Neural pairwise coreference scorer.

Scores pairs of mentions for coreference likelihood using a feedforward network over mention representations and hand-crafted features.

Architecture

  1. Concatenate mention encodings [m1, m2]
  2. Extract hand-crafted features
  3. Concatenate all features
  4. Feedforward network (2-3 hidden layers)
  5. Sigmoid output for probability

Example

# Build model
model = PairScorer.build_model(
  mention_dim: 256,
  feature_dim: 20,
  hidden_dims: [512, 256]
)

# Score pair
score = PairScorer.score_pair(
  model,
  params,
  mention1_encoding,
  mention2_encoding,
  features
)

Summary

Functions

Batch score multiple mention pairs.

Build the pair scorer model.

Extract hand-crafted features from mention pair.

Get feature dimension (number of features extracted).

Types

features()

@type features() :: Nx.Tensor.t()

model()

@type model() :: Axon.t()

params()

@type params() :: map()

Functions

batch_score_pairs(model, params, pairs)

@spec batch_score_pairs(
  model(),
  params(),
  [{Nx.Tensor.t(), Nx.Tensor.t(), Nx.Tensor.t()}]
) :: Nx.Tensor.t()

Batch score multiple mention pairs.

Parameters

  • model - Trained model
  • params - Model parameters
  • pairs - List of {m1_encoding, m2_encoding, features} tuples

Returns

Tensor of coreference probabilities [batch_size]

build_model(opts \\ [])

@spec build_model(keyword()) :: model()

Build the pair scorer model.

Options

  • :mention_dim - Dimension of mention encodings (required)
  • :feature_dim - Number of hand-crafted features (default: 20)
  • :hidden_dims - List of hidden layer dimensions (default: [512, 256])
  • :dropout - Dropout rate (default: 0.3)

Returns

Axon model that takes mention pairs and features, returns coreference probability

extract_features(mention1, mention2, document \\ nil)

@spec extract_features(
  Nasty.AST.Semantic.Mention.t(),
  Nasty.AST.Semantic.Mention.t(),
  map() | nil
) ::
  Nx.Tensor.t()

Extract hand-crafted features from mention pair.

Features include:

  • Distance features (sentence, token, mention)
  • String match features (exact, partial, head)
  • Mention type features (pronoun, name, nominal)
  • Agreement features (gender, number)
  • Syntactic features (same sentence, same paragraph)

Parameters

  • mention1 - First mention
  • mention2 - Second mention
  • document - Document context (optional, for additional features)

Returns

Feature vector as tensor [feature_dim]

feature_dim()

@spec feature_dim() :: pos_integer()

Get feature dimension (number of features extracted).
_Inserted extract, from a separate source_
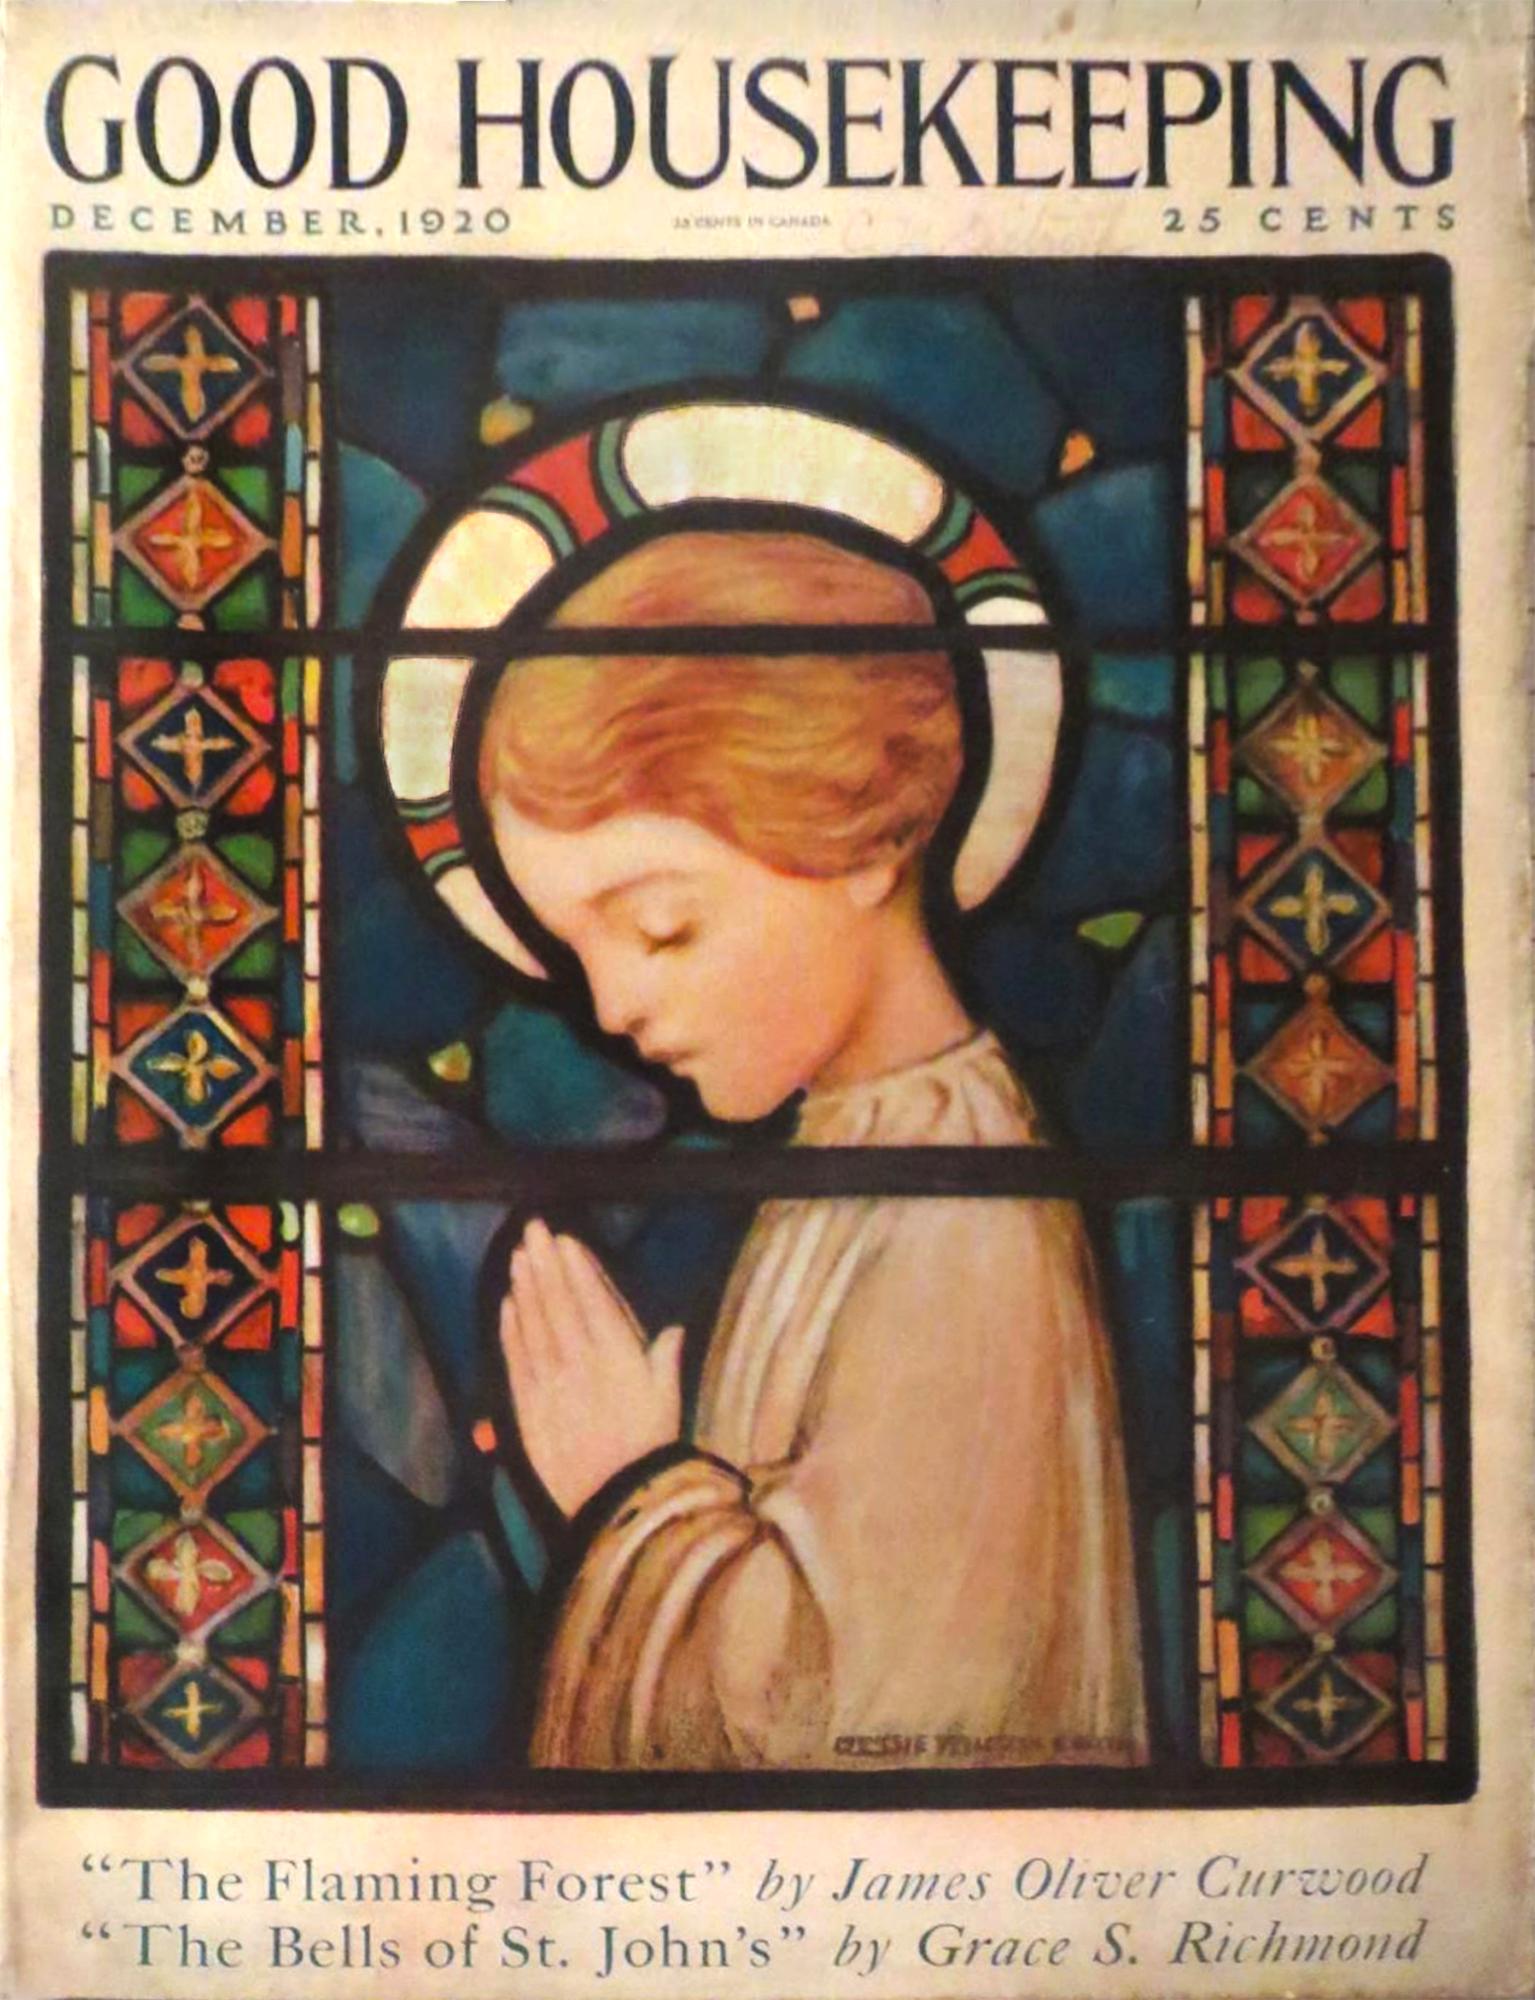 L'enfant en prière  Couverture de Good Housekeeping Magazine - Painting de Jessie Wilcox Smith

score_pair(model, params, mention1_encoding, mention2_encoding, features)

@spec score_pair(model(), params(), Nx.Tensor.t(), Nx.Tensor.t(), Nx.Tensor.t()) ::
  float()

Score a pair of mentions for coreference.

Parameters

  • model - Trained model
  • params - Model parameters
  • mention1_encoding - Encoding of first mention [mention_dim]
  • mention2_encoding - Encoding of second mention [mention_dim]
  • features - Hand-crafted features [feature_dim]

Returns

Probability that mentions corefer (0.0 to 1.0)